Б.Д.: Да, спрашивал. «Чего к этому возвращаться?» - говорил он, и никогда к этому не возвращался. Шуточные стихи писал, он большой мастер сочинять шуточные стихи, и даже целые поэмы к сбору друзей или во время сбора друзей. Это у него шло легко, он сопровождал их комическими рисунками. Гелескул всю жизнь жил на даче под Москвой - он не любил город, и эти встречи всегда были замечательными, веселыми.

Он уникальный человек, человек, который занимался только переводом, и делал это абсолютно гениально, не с чем это даже сравнить. Я бы с ним никогда соперничать не взялся, и только после его уговоров перевести что-то из Лорки, или еще из нескольких поэтов, которых он открыл, я все-таки решался что-то переводить. Я переводил чуть-чуть Лорку, Хуана Рамона Хименеса, замечательного испанского поэта и нобелиата, но у меня нет ощущения, что я многое сделал. А он сделал, Гелескул родил этих поэтов, а я только чуть-чуть что-то подправил.

Л.Б.: Я думаю, что у тебя тоже есть писатели и поэты, переводы которых напрямую связаны с твоим именем. Борхес, например.

Б.Д.: На Борхеса я тоже натолкнулся случайно, причем на такие вещи у него, которые мне в тот период были близки. Это был как бы мой личный Борхес. Борхес с личной интонацией - с воспоминаниями об отце, о загородной даче, на которой он  вырос, и где они летом с сестрой отдыхали и баловались. Сначала был Борхес с этой стороны воспринятый, это потом я стал более метафизические вещи его переводить. Не думал, что буду переводить и его прозу, я вообще не думал, что буду когда-нибудь переводить прозу. Я для этого не гожусь - нет у меня прозаических способностей. Для перевода прозы нужен совершенно другой язык: и собственный русский, и по-другому нужно знать испанский и французский.

Л.Б.: Что это значит?

Б.Д.: Проза, она же всегда говорит очень многими языками: социальными, профессиональными, жаргонными и так далее. Там должны быть слышны разные человеческие голоса, а на них влияет то, чем человек занимается, где он вырос и в каком языковом окружении жил. Для этого нужно знать совершенно другой язык. А язык поэзии он более универсальный, всемирный, потому что, если образно говорить, смысл все-таки рождается в поэзии как бы не по горизонтали - от слова к слову и потом к следующей строчке – смысл рождается сразу по вертикали, если это настоящие стихи. В этом плане все поэты одинаковы.

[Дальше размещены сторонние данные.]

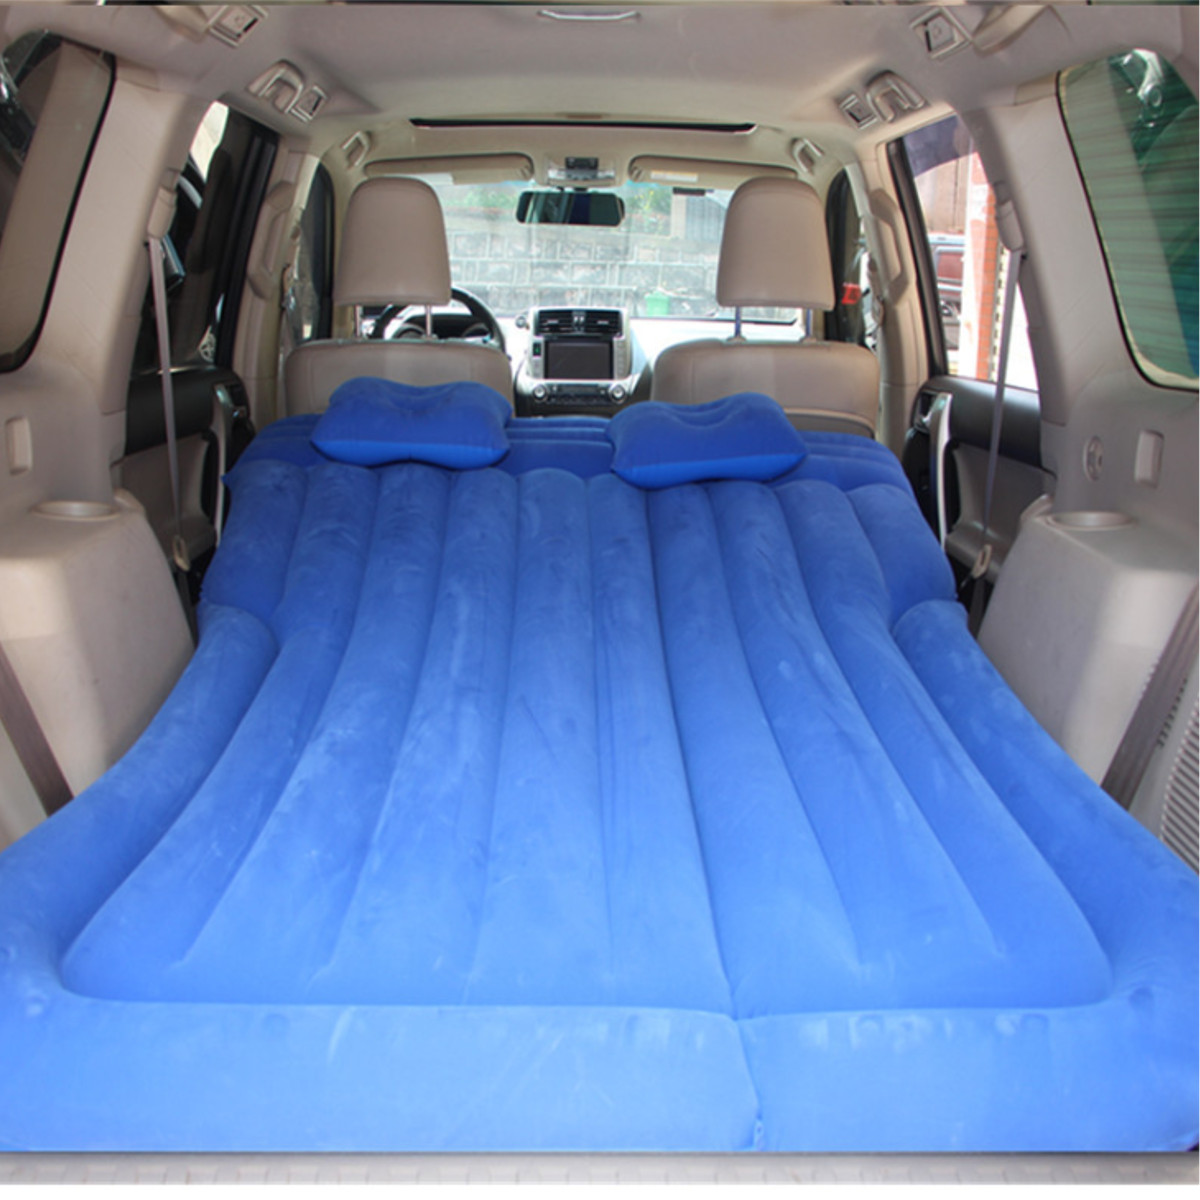 180x130cm-Multifunctional-Inflatable-Car-Air-Mattress-Durable-Back-Seat-Cover-Travel-Bed-Moisture-pr-1888970-3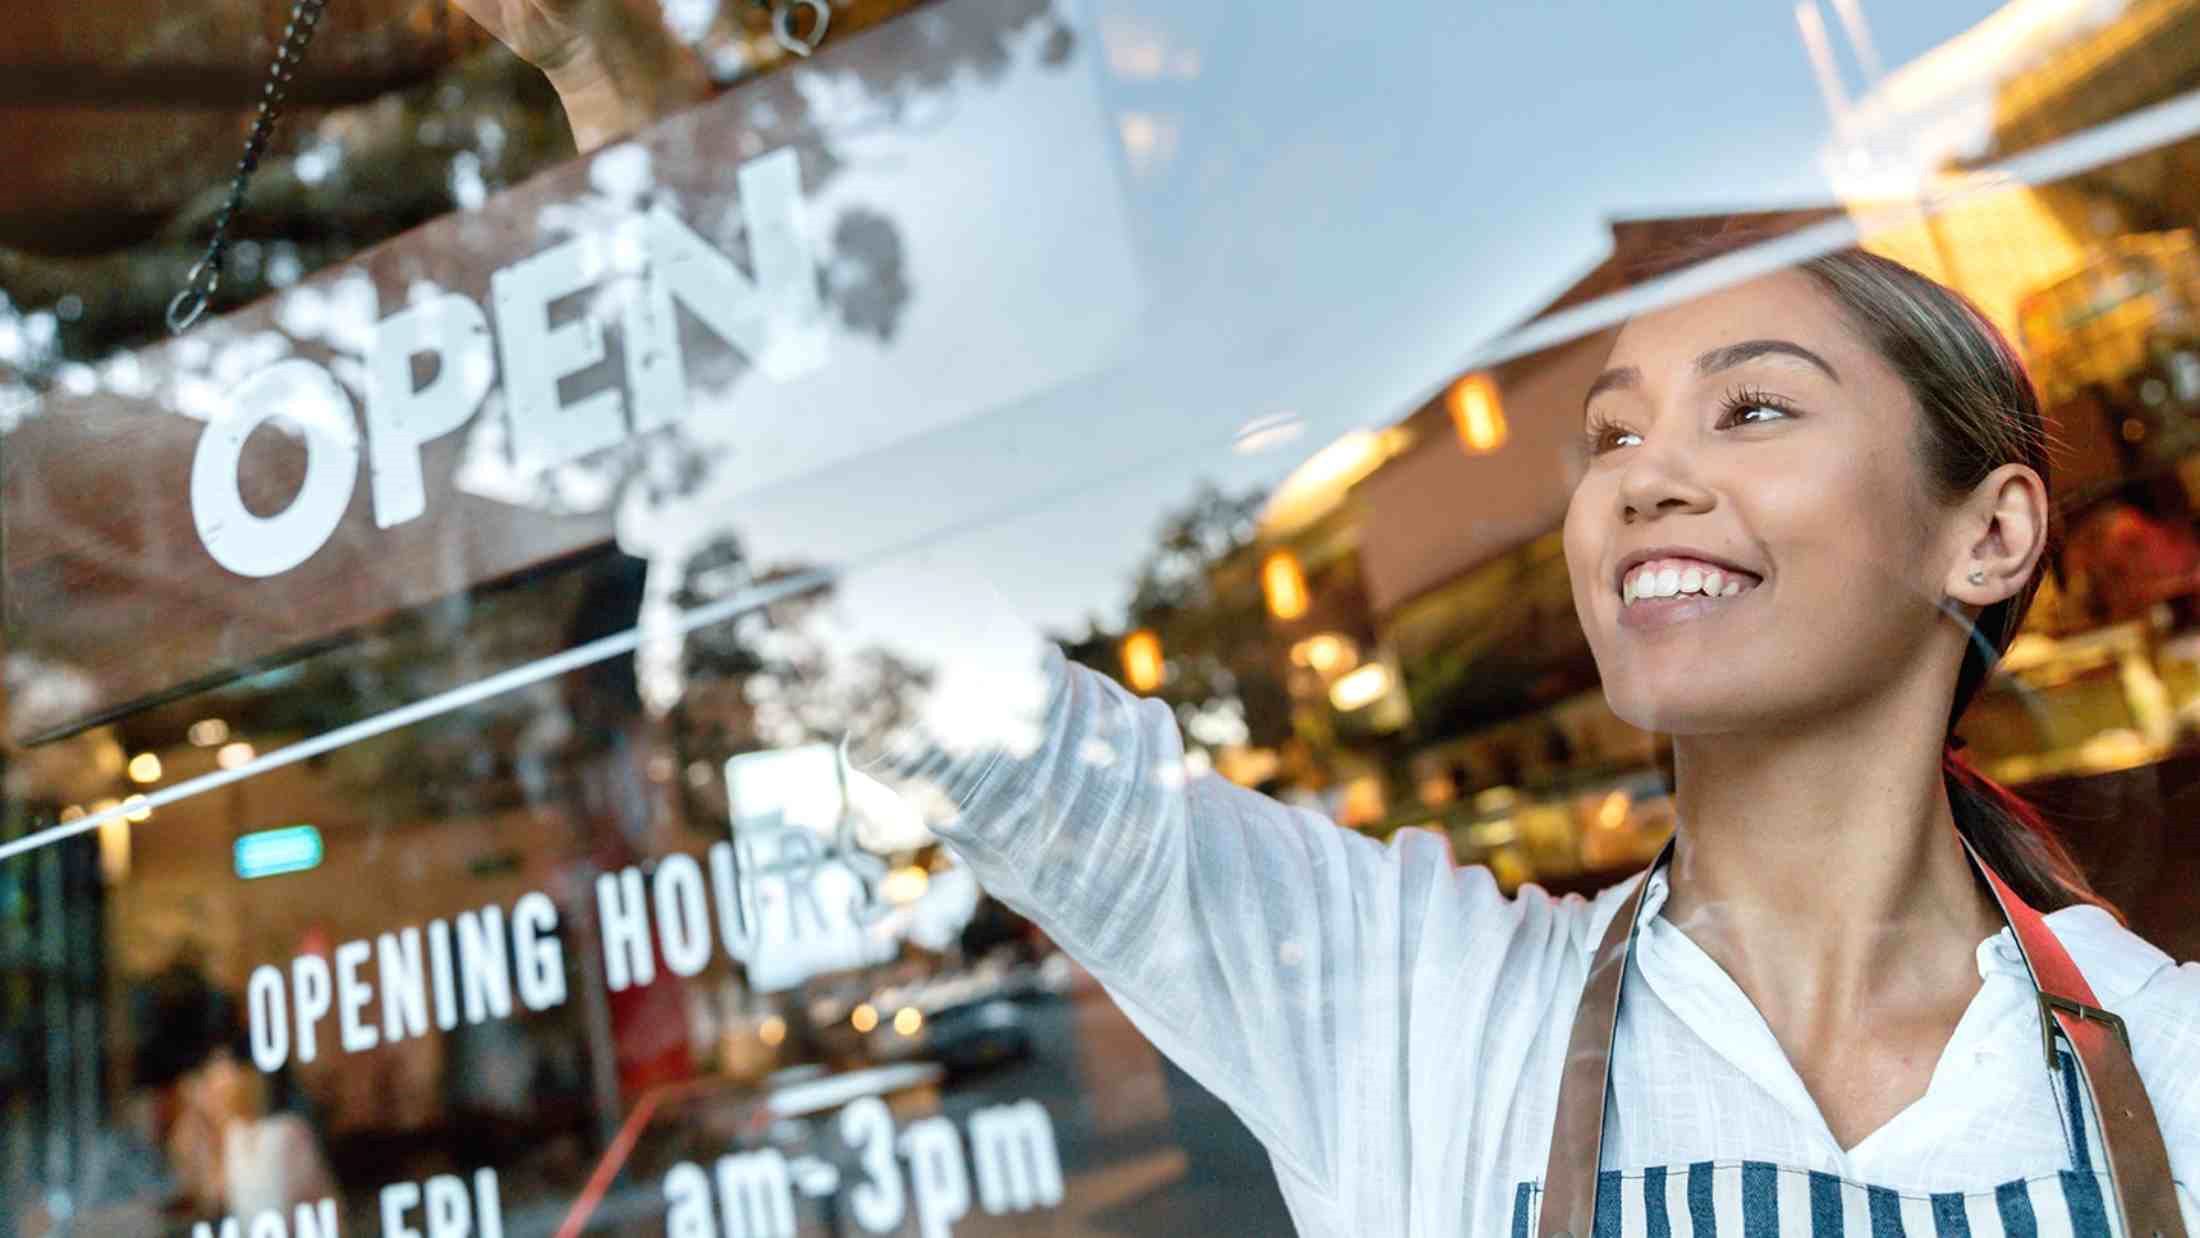 Photo of Woman Smiling While Holding Open Signage

Национальный язык для поэзии несколько условен, потому что поэт, мне кажется, думает на каком-то другом, праязыке или сверхязыке. Не зря поэты все время говорят о возможностях музыки. Они чувствуют, что язык, на котором мы разговариваем, это не совсем тот язык, даже не тот, на котором написан «Война и мир» или «Герой нашего времени» - многоязычная, многоголосая, многосложная проза с самыми разными интонациями и с самыми разными людьми.

А после этого мы берем «Наедине с тобою, брат, хотел бы я побыть» - и всё. Откуда это берется? Сразу по вертикали идет эта вещь; там очень много значит интонация, много значит музыка стиха. Это другие умения. Может быть потому, что я в юности пописывал в стихотворной форме, мне это всегда было ближе, и я не думал, что у Борхеса займусь прозой, в том числе серьезной,  эссеистической.

Л.Б.: Ты хочешь сказать, не очень интересно было это делать?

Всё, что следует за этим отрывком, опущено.